• _What the task requires_
Return, with both end lines included, exactly what the data below holds from the line with "Top 15+ quán" through the line with "Leonardo da Vinci", though not the pictures.

• _Provided data_
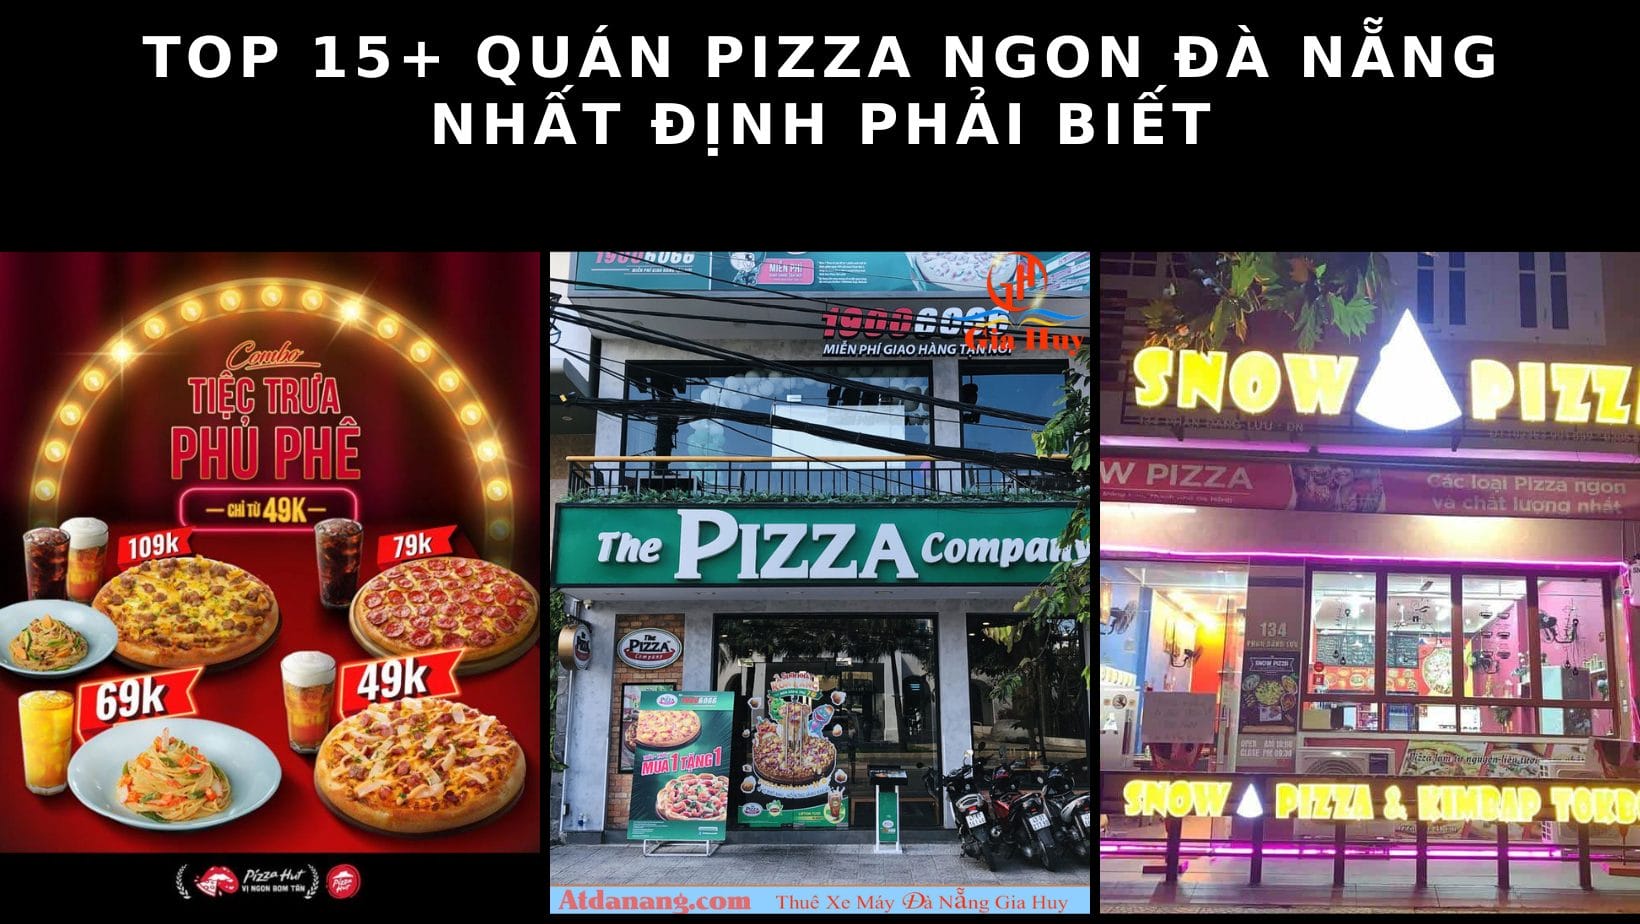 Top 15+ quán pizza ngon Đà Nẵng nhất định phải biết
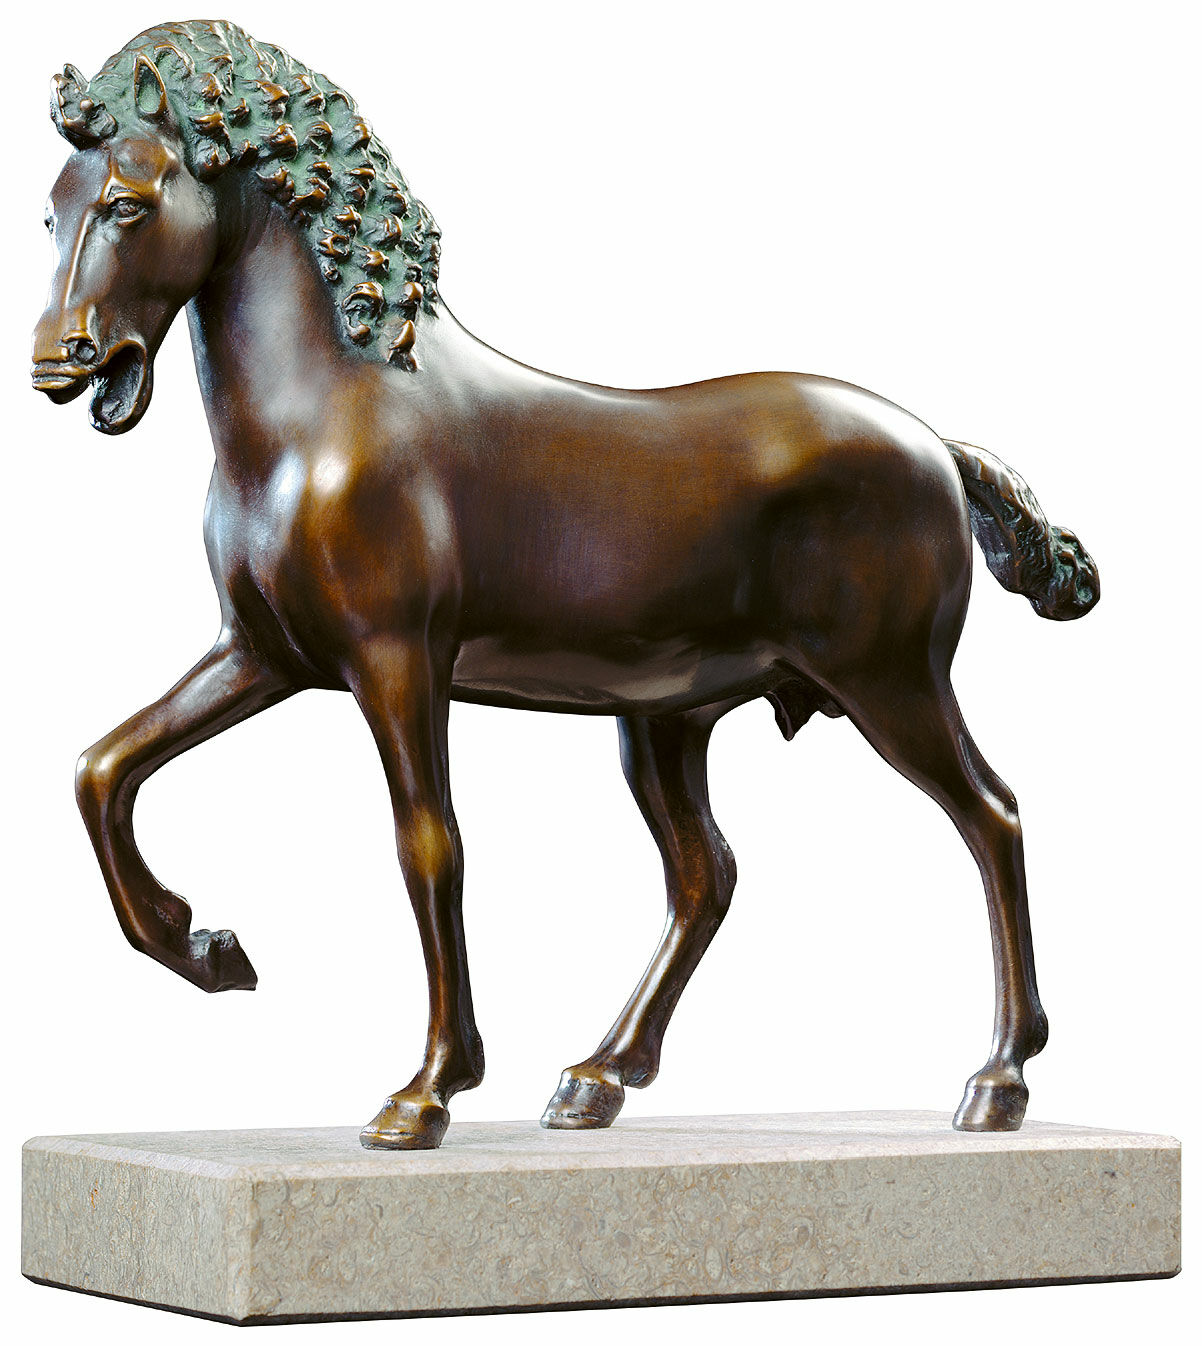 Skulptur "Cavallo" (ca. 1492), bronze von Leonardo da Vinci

* * *

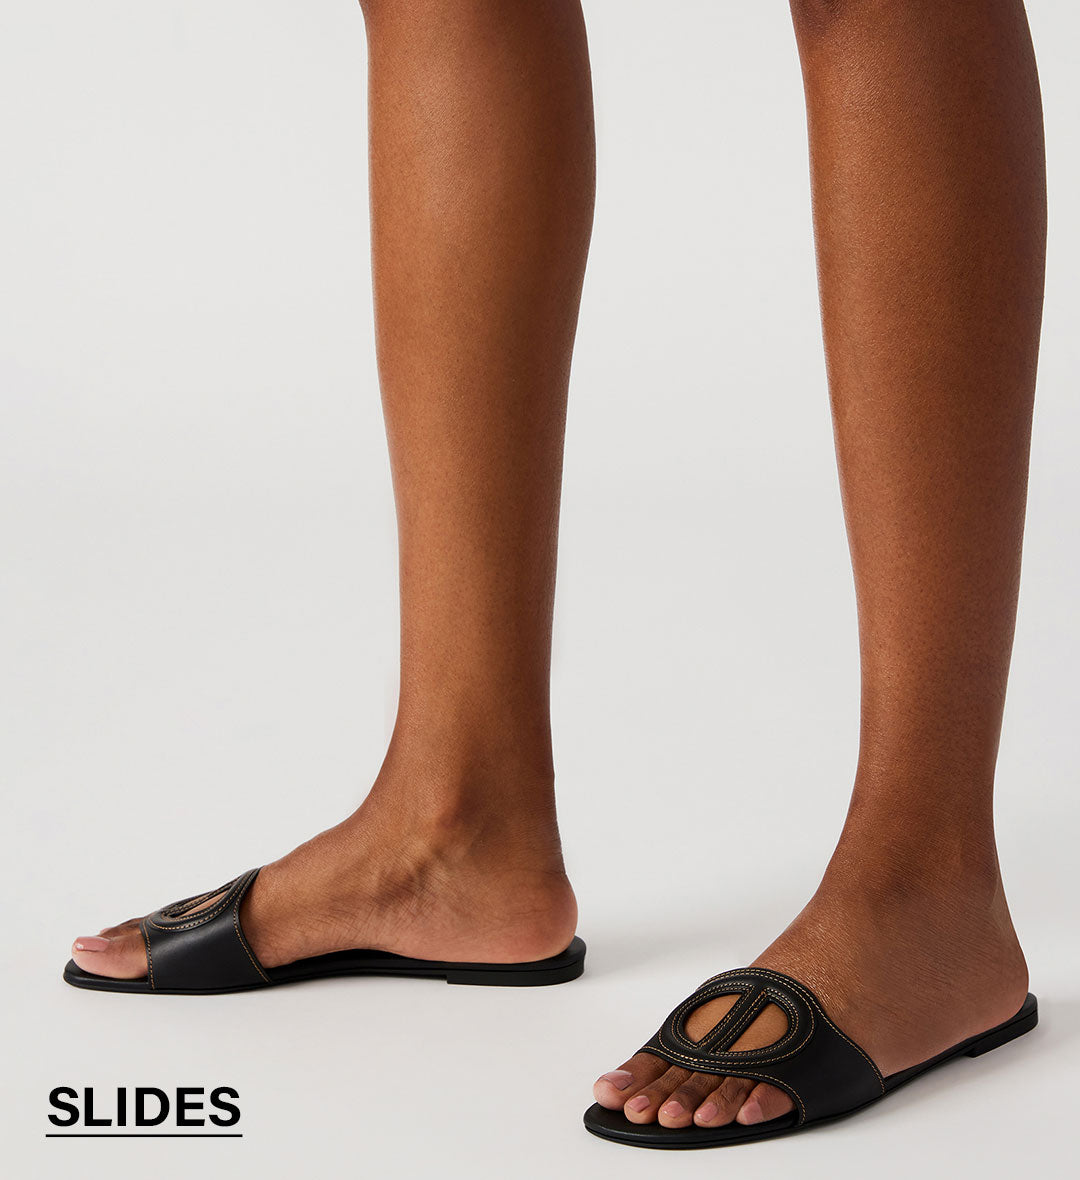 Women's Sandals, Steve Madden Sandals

• _Answer space_
 Top 15+ quán pizza ngon Đà Nẵng nhất định phải biết
 Skulptur "Cavallo" (ca. 1492), bronze von Leonardo da Vinci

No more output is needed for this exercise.